Fabrics constructed with jute-cotton blended yarns are best suited for clothing used for winter wears, provided necessary chemical treatments are given to modify their chemical properties, discloses B Sathish Babu.

Textile technologists have been constantly concentrating on the retrieval of alternative for what had done a lot of hazards to the environment. Fibres produced by synthesis of chemicals posses non-degradability when dissipated from usage though they have been comfort fully used as clothing. There is a profound importance for finding bio-degradable materials that could compete.

Finding a new material with desired properties, it is easier to explore into a deep insight of what is available, the natural fibres. Almost all natural fibres are biologically degradable and possess excellent wearable properties. Researches are being carried out in two phases, one to find high tech materials for advanced applications and the other to enhance the properties of nature gifted materials to common usage.

Wool is the well-known protein fibre utilised for the production of casuals in western countries, which has cold climatic conditions. In Asian countries it is used as the material for sweaters to be used during winter season. The costly prices of wool sweaters are well-known to everyone.

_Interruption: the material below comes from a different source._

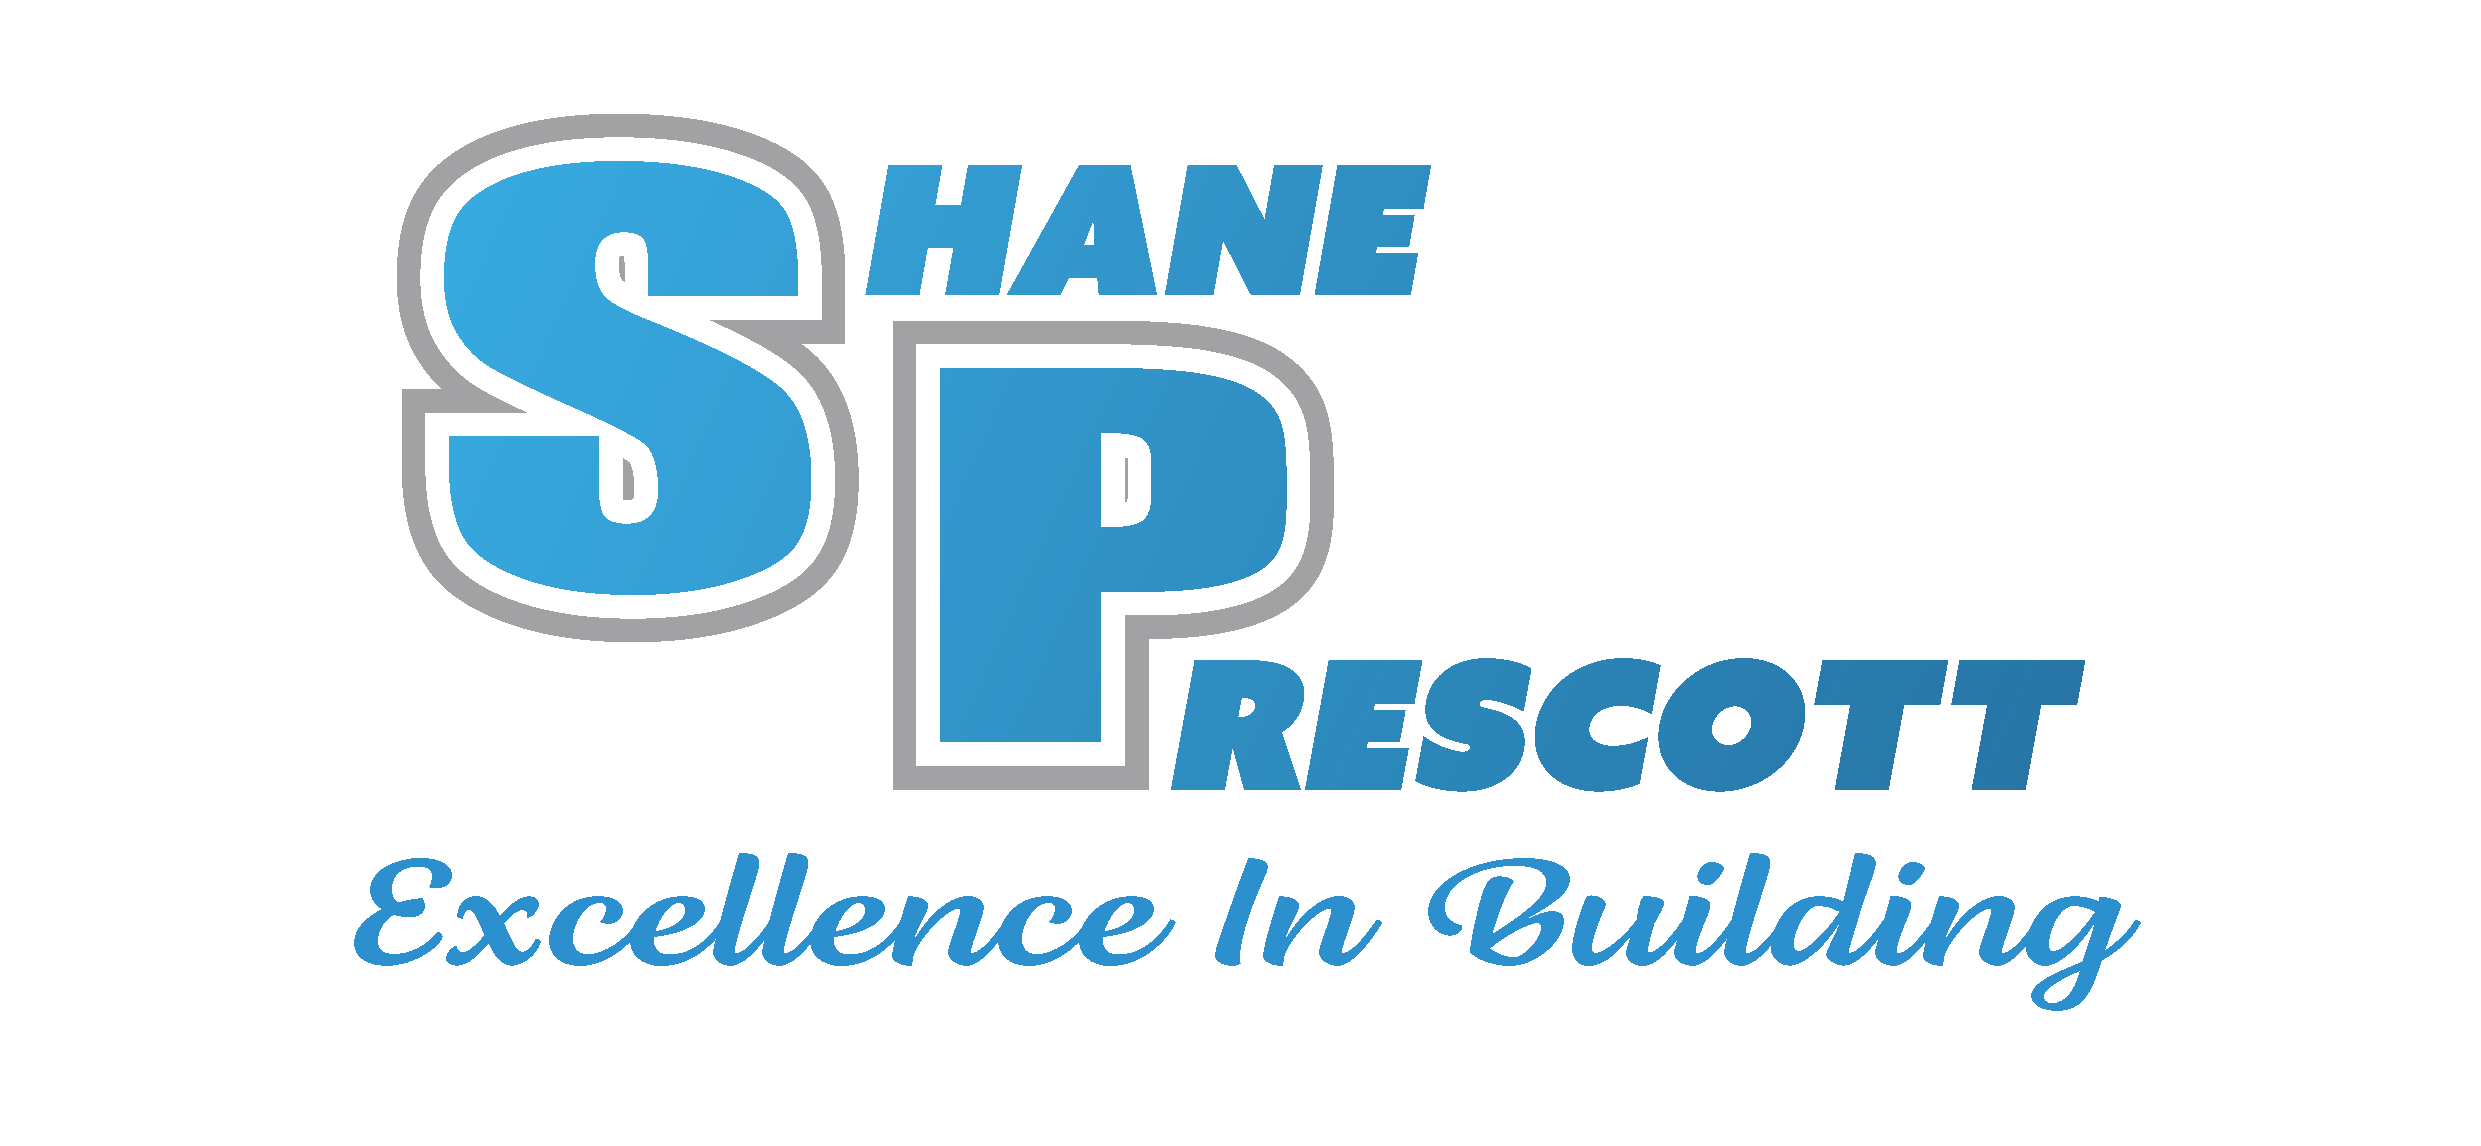 Shane Prescott logo

Acrylic is a synthesised fibre, which possesses properties similar to wool and is extensively used for the manufacturing of sweaters in a cost effective manner. This could give a vast production with reduced market costs.

Still usage of acrylic is common because of its easy care. The thermal maintenance of the fibre is also excellent so that it could give warmth of above what had been expected. Acrylic being a man-made polymer fibre it also suffers the same non-biodegradable problem. This would become a serious issue in near future and works to find materials that could replace this are done at a least magnitude.

Natural fibres have been gaining momentum in current industrial situation because of their desirable qualities and abundance in quantity. Also they have to be processed both mechanically and chemically to improve their appearance, feel and other properties which would consume a lot in the end-product price in the market. Methods are to be developed to compete their usage in an economical way with synthetic materials.

Jute has always been a fibre of importance because India has been producing it in an abundant amount in the world next to Bangladesh. Research papers have been published that explores the desirable properties such as high strength, fibre length, tenacity, etc.

Jute also possess a certain degree of thermal retention that can be improved, which makes it suitable for the production of much cost effective winter wears. The main limitation of the fibre that inhibits its usage is its brittleness which yields high haired yarn when spun and also gives harsh feel when worn.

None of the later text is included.